# La Gomera Big game fischen



## marlindream (3. Februar 2003)

Hallo Leute, 
ich suche für die Zeit von Mai-Juni Angelpartner auf privater Hochseeyacht auf La Gomera. In der Zeit sind die aussichten auf Marlin und Thun ausgezeichnet. Habe festgestellt, daß man richtig große Fische nicht alleine fangen kann. Im Juni findet auch ein internationales Big Game Turnier statt. Wer Interesse hat, meldet Euch einfach.
Christian


----------



## Tiffy (3. Februar 2003)

Hallo marlindream,

willkommen im Board. #h  

Leider ist der Mai und der Juni bei mir schon verplant. Hätte bestimmt Spaß gemacht. Na ja vielleicht ein anderes mal.


----------



## marlindream (11. Februar 2003)

Ich bin mit privatem Boot unterwegs, kein Charterboot. Das hat den großen Vorteil, das man das Fischen genau nach seinen Wünschen gestalten kann. Wenn jemand Lust bekommt, kann er sich ja melden.


----------



## marlindream (11. Februar 2003)

Bin ab Mitte April bis Mitte Juli am Stück in San Sebastian de La Gomera. Werde also die gesamte Hochsaison in Gomera sein und fahre dann  über Gran Canaria nach Fuerteventura. Die Fische ziehen im Laufe der Saison Richtung Lanzarote hoch. Die ganze Saison an einem Ort auf den Kanaren bringt nix.


----------



## ullsok (14. Februar 2003)

Hallo Christian,
ich hätte evtl. schon Interesse, mal für eine Woche nach Gomera zu kommen; kannst du mir evtl. nähere Infos über Preis, Unterkunft etc zukommen lassen, evtl. per PM oder Mail #a


----------



## Fishbuster (9. April 2003)

*La Gomera - Marlindream*

Hallo Jungs, aufpaßt. Da hat sich ein Betrüger im Board eingeschlichen, der sich als Privatbootsbesitzer ausgibt und  im Board aber auf Kundenfang ist. Ich habe das "private" Angebot
zum Sportfischen im Sommer auf La Gomera und allen kanarischen Inseln untersuchen lassen. Er ist gewerblicher Anbieter und hat Buchungsprobleme weil u.a. seine Papiere nicht in Ordnung sind. Petri Heil


----------



## wodibo (9. April 2003)

Danke für den Hinweis Fishbuster. Wir werden das überprüfen und evtl. einschreiten!


----------



## wolle (9. April 2003)

also wenn das stimmen sollte wäre das eine ganz große
sauerrei!


----------



## dirkbo (9. April 2003)

Das darf doch nicht war sein !!
Ich war auch letztes Jahr auf Fuerteventura !! War auch mit ner Yacht draussen, leider nur Kleingedöns( Dorade). Und wenn man den einheimischen Fischern genau zuhört, weiß man das die richtige Hochseefischsaison erst im September beginnt !!!
Leider kann man so etwas nicht unterbinden !!!

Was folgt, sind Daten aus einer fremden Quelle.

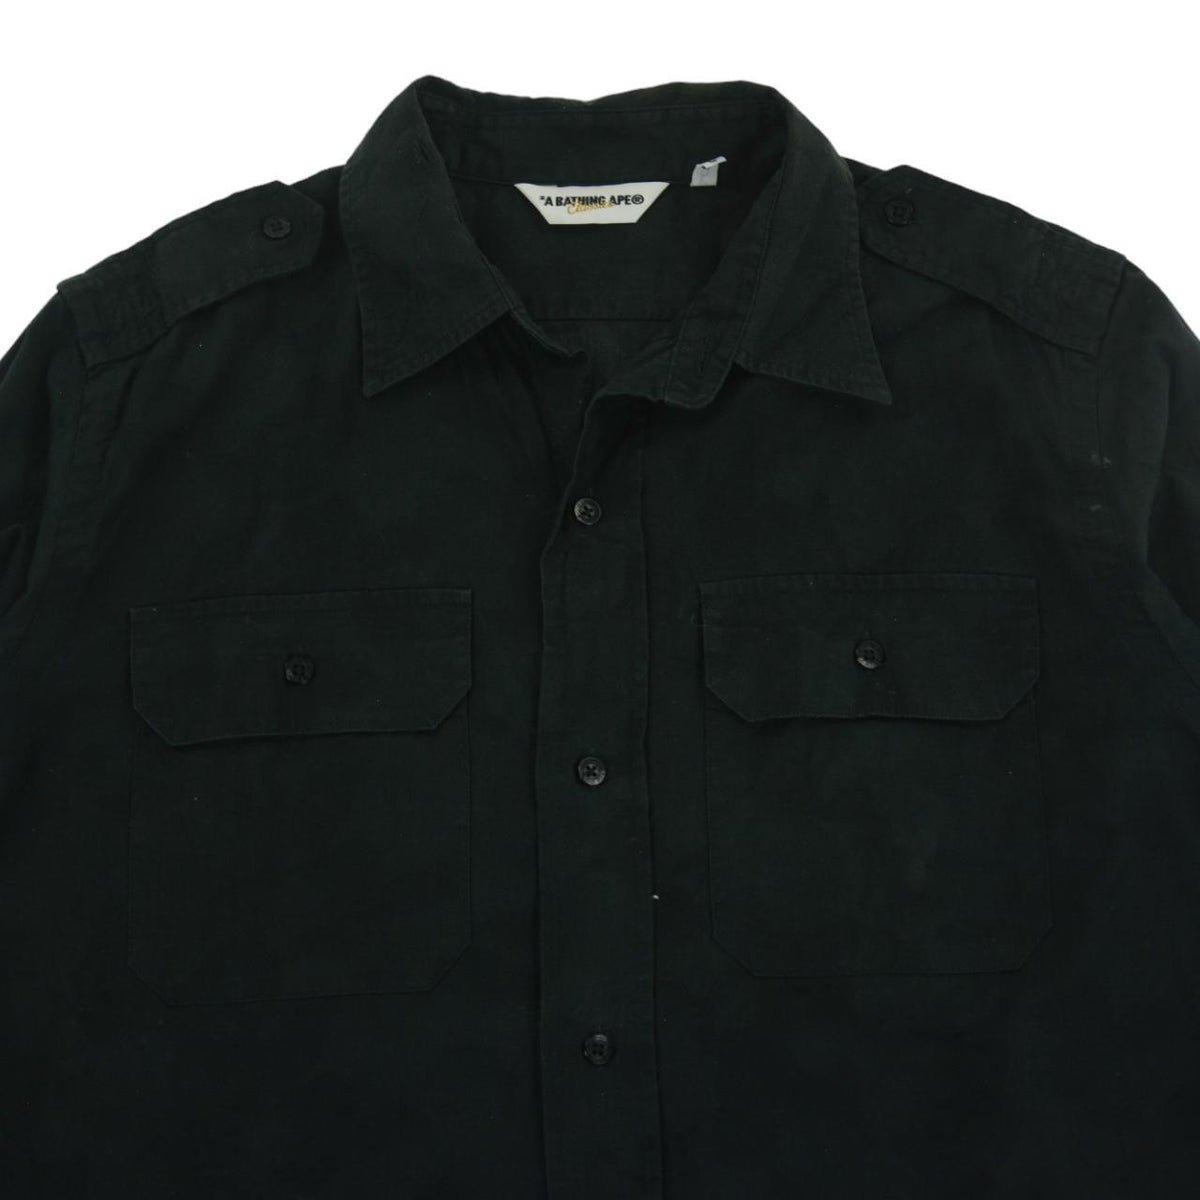 Vintage BAPE Button Up Shirt Size L

Spinner !!! ...sorry, aber das mußte jetzt sein :r


----------



## wodibo (9. April 2003)

Ich habe soeben die Bestätigung erhalten. Es ist ein gewerblicher der pro Fahrt 300,- Teuro nimmt. Weiter Nebenkosten sollen ebenfalls anfallen.

Mod oder Admin bitte den Beitrag sperren und marlindream meinetwegen gleich mit :e :e :e


----------



## grünfüssler (9. April 2003)

*moment mal.....*

@ dirkbo........
das boot auf fuerteventura(fishbuster) ist absolut in ordnung.
ich war selber schon einiga male auf fuerte und mit dem boot und skipper günter zum fischen und immer sehr zufrieden.
das boot um das es hier geht liegt auf la gomera !!!! 
der besitzer bietet hier im forum an,leute privat zum big game mitzunehmen.
auf anfrage bekommst du aber eine kommerzielle preisliste,von privatem fischen ist dann nicht mehr die rede.
und nur das ist der knackpunkt.
alle anderen kommerziellen anbieter müssen(sollten)ihren finanziellen beitrag   zur finanzierung des AB leisten und das AB nicht auf diese weise als billige werbeplattform missbrauchen.
gruss.....das big gamefussel


----------



## dirkbo (9. April 2003)

Achso !!!:k 
Aber die Marlinsaison geht doch wirklich erst im Herbst los, oder?
Jedenfalls auf Fuerteventura ist das so lt. Captian meines letzten Turns.


----------



## grünfüssler (9. April 2003)

*ja klar.....*

also wir fahren bestimmt nicht in juni nach fuerte um rotaugen zu fangen 
die marlinsaison hat sich (bedingt durch eine veränderung der strömungen)schon auf den juni vorverschoben.
die meisten marline hat der fishbuster im juni/juli letzten jahres gefangen.bei 27 ausfahrten hatte er 21 marline am haken.
auch die thunfische sind im juni nochmal da(die kommen im februar/märz schonmal)
das spätjahr ist aber immer für einen der ganz grossen einzelgänger gut.
das bezieht sich sowohl auf marlin als auch auf die grossen big eye thune.
ausserdem kommen im spätjahr noch die grossen mako-,und hammerhaie in grösserer zahl an die insel.
im prinzip ist auf fuerte(bedingt durch die unterwassergebirge)das ganze jahr hindurch ein gutes bis sehr gutes sportfischen möglich.
gruss.....fussel


----------



## grünfüssler (9. April 2003)

*achso.....*

hier haste auch gleich mal noch nen link.
das ist das boot mit dem wir im juni die fetten marline fangen werden......:q 
link :
www.fishbuster-sportfishing.com
gruss...das linkfussel


----------



## Franky (9. April 2003)

Hallo!

Solange das nicht ganz klar ist, mach ich das hier mal eben dicht!!!!


Und zum Link von Fussel:
Fishbuster (auf Fuerte) gehört mit zu den Kunden des Boards/Magazins !!!!!!!!!!!! Da ist also alles okay (bevor irgendwelche Missverständnisse aufkommen!)

@ marlindream:
Solltest Du das hier lesen: wir bitten da um Aufklärung... Dumm rum machen kommt hier nicht gut an!!!!!!!!!


----------